MATERIAL PROVIDED:

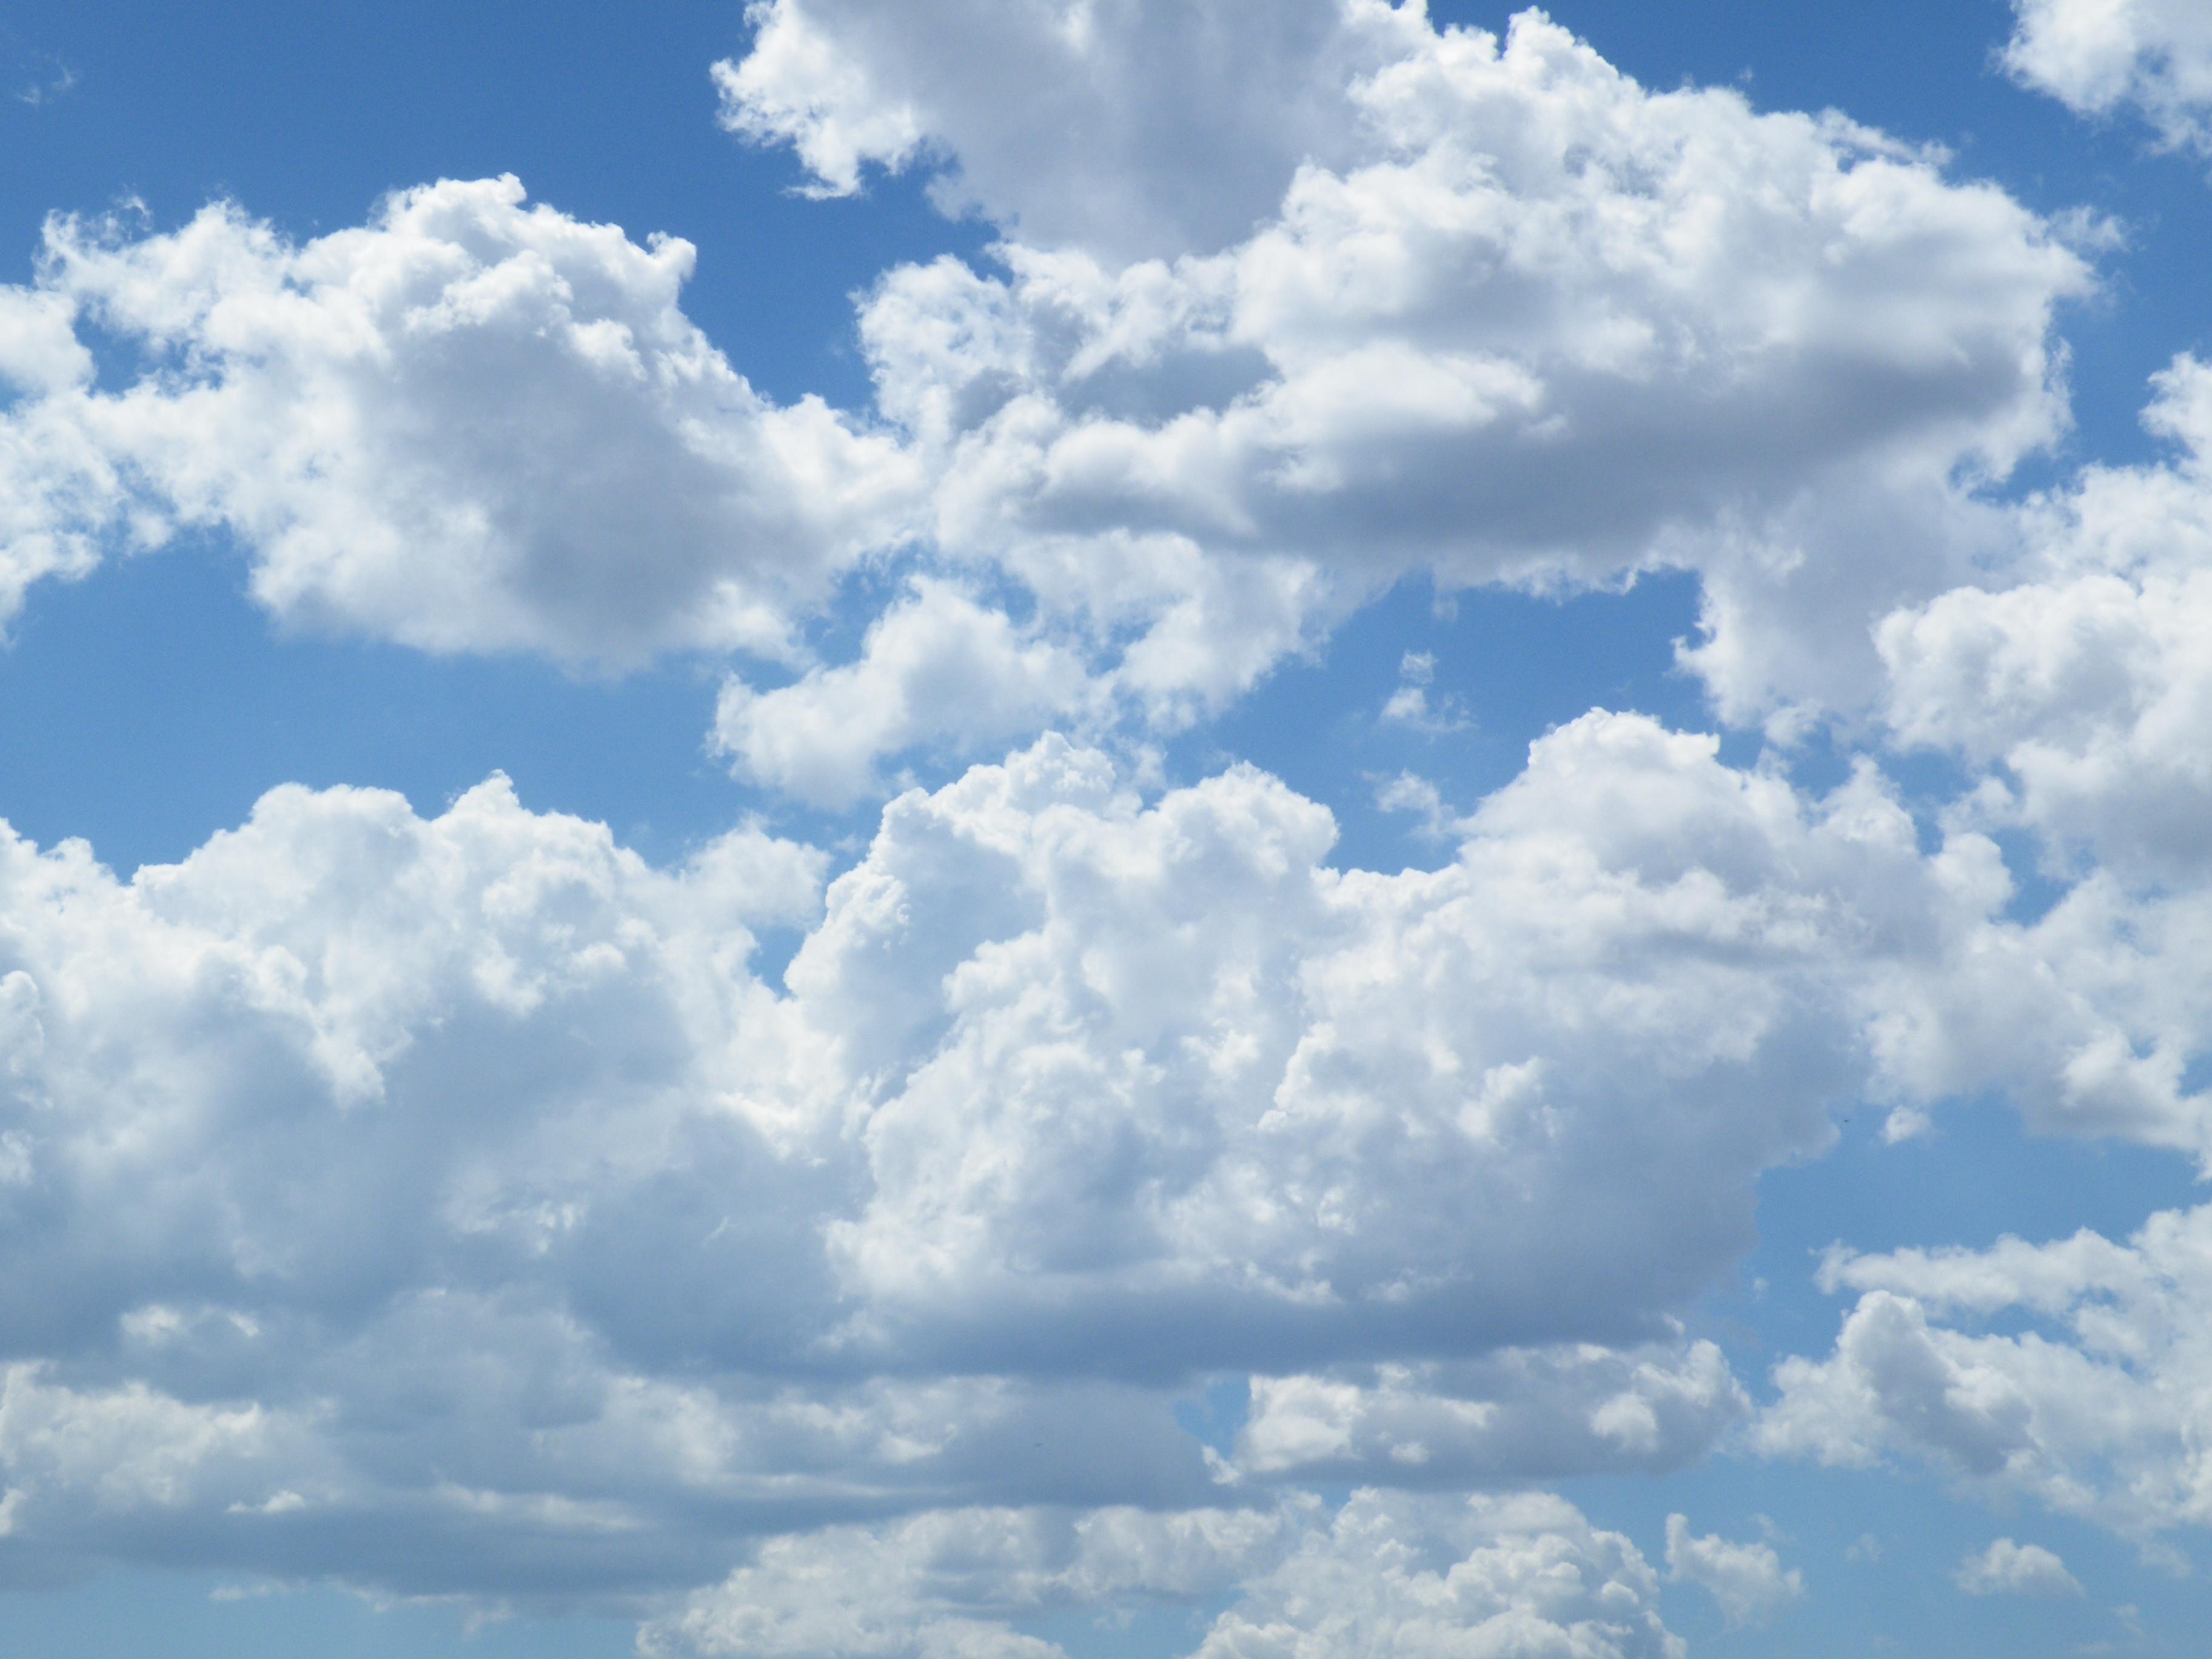 clouds - Vascular Dynamics
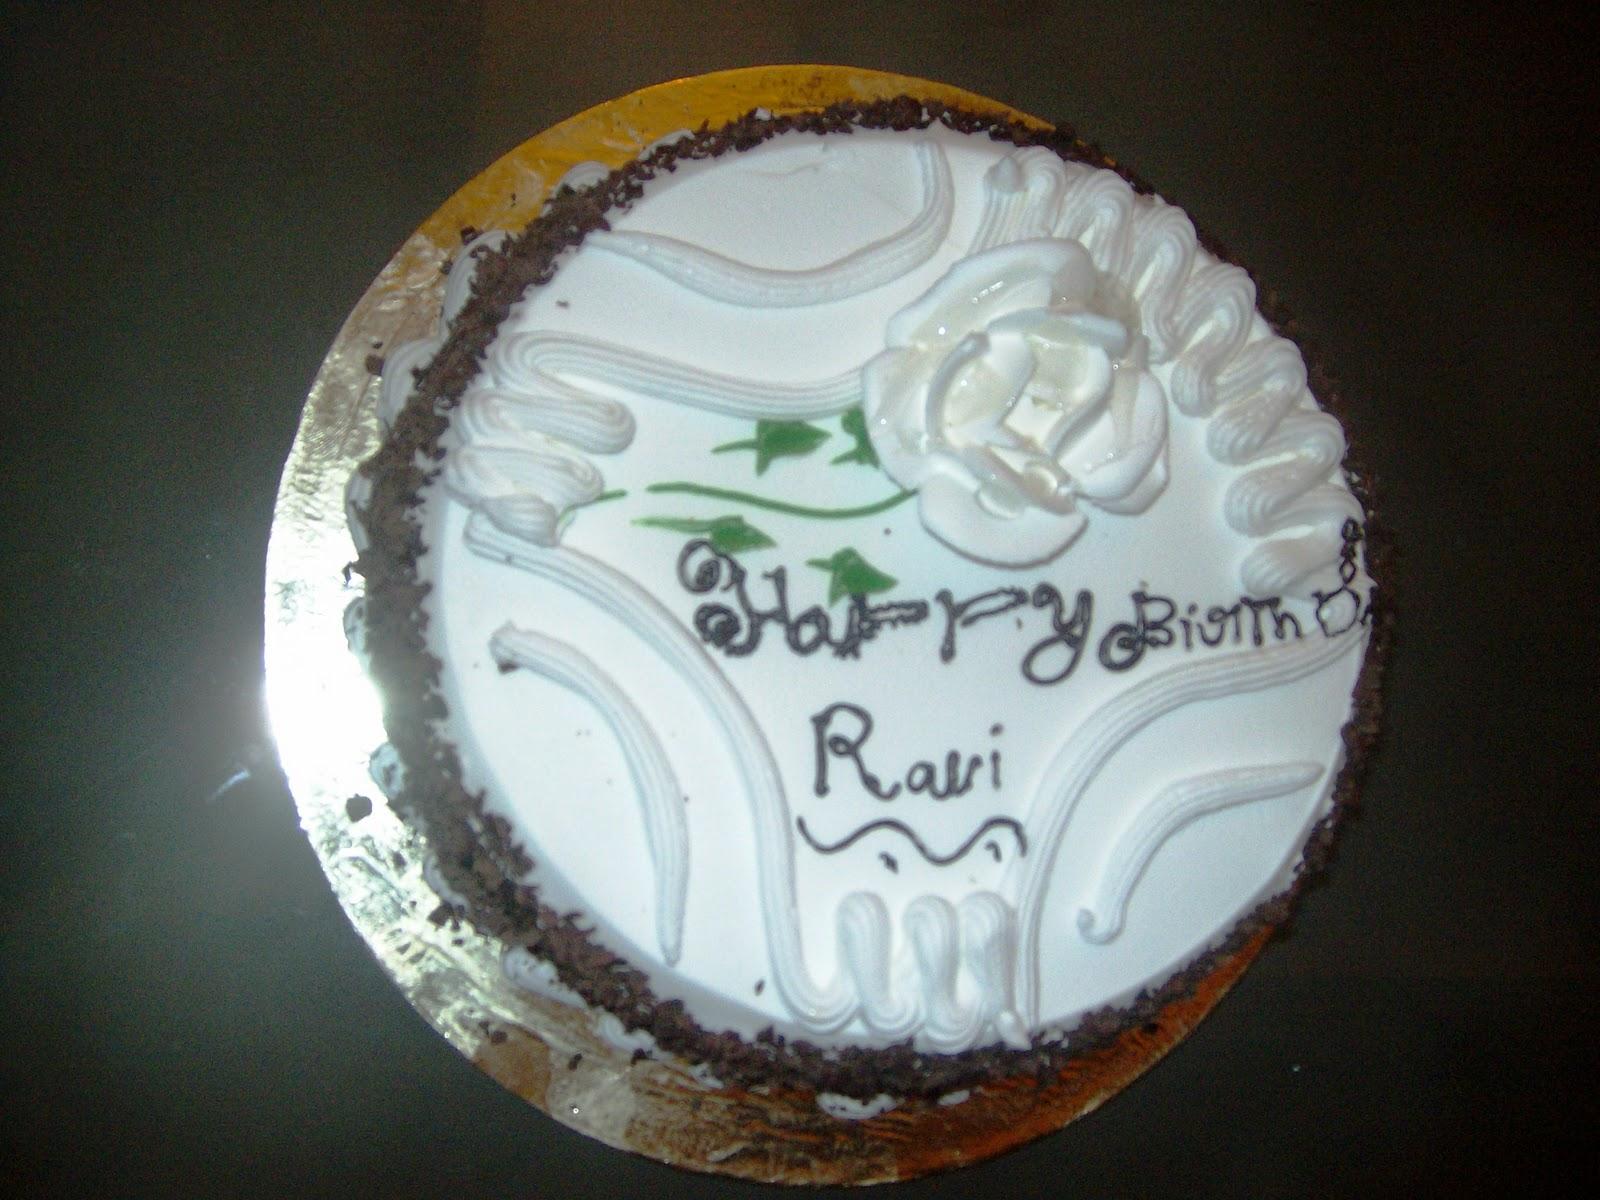 Cake Images Ravi : MEMOIRS: RAVI HAPPY BIRTH DAY
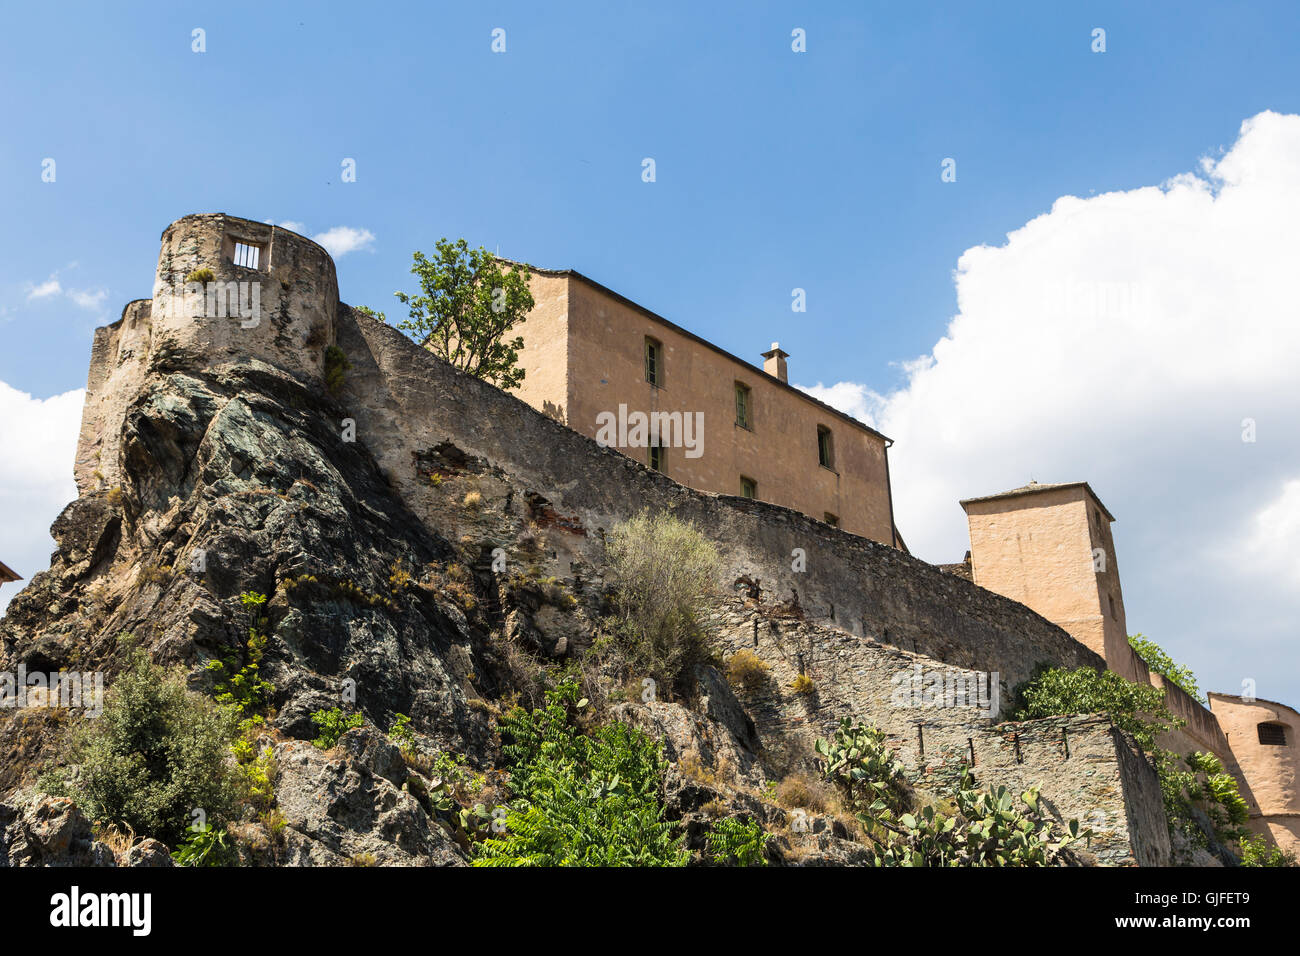 Corte citadel in Corsica island, a popular travel destination in France. - Stock Image
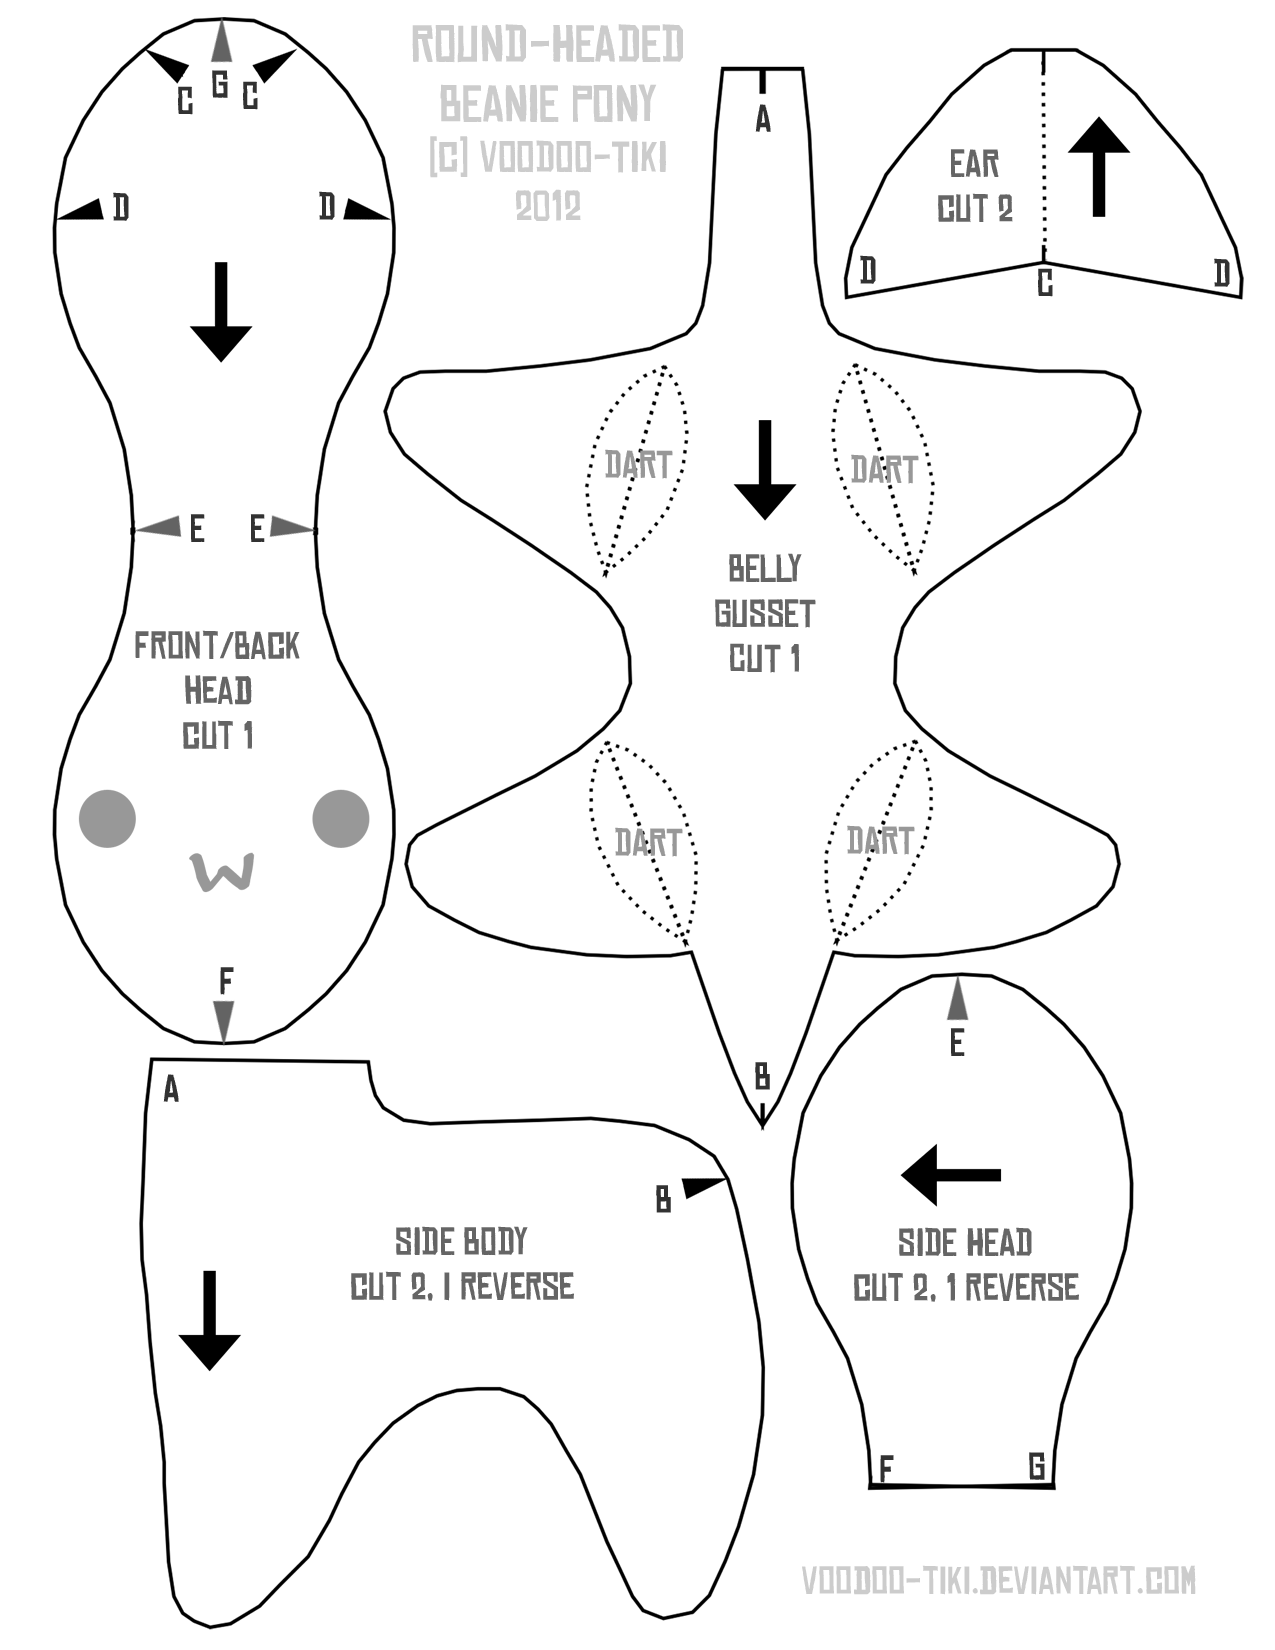 Round Head Beanie Pony Pattern By Voodoo Tiki On Plushie

WHAT THE EXERCISE ASKS:
An acceptable answer consists of the lines above from the one holding "Cake Images Ravi" to the end of the data, repeated exactly and containing no pictures.

WRITTEN ANSWER:
 Cake Images Ravi : MEMOIRS: RAVI HAPPY BIRTH DAY
 Corte citadel in Corsica island, a popular travel destination in France. - Stock Image
 Round Head Beanie Pony Pattern By Voodoo Tiki On Plushie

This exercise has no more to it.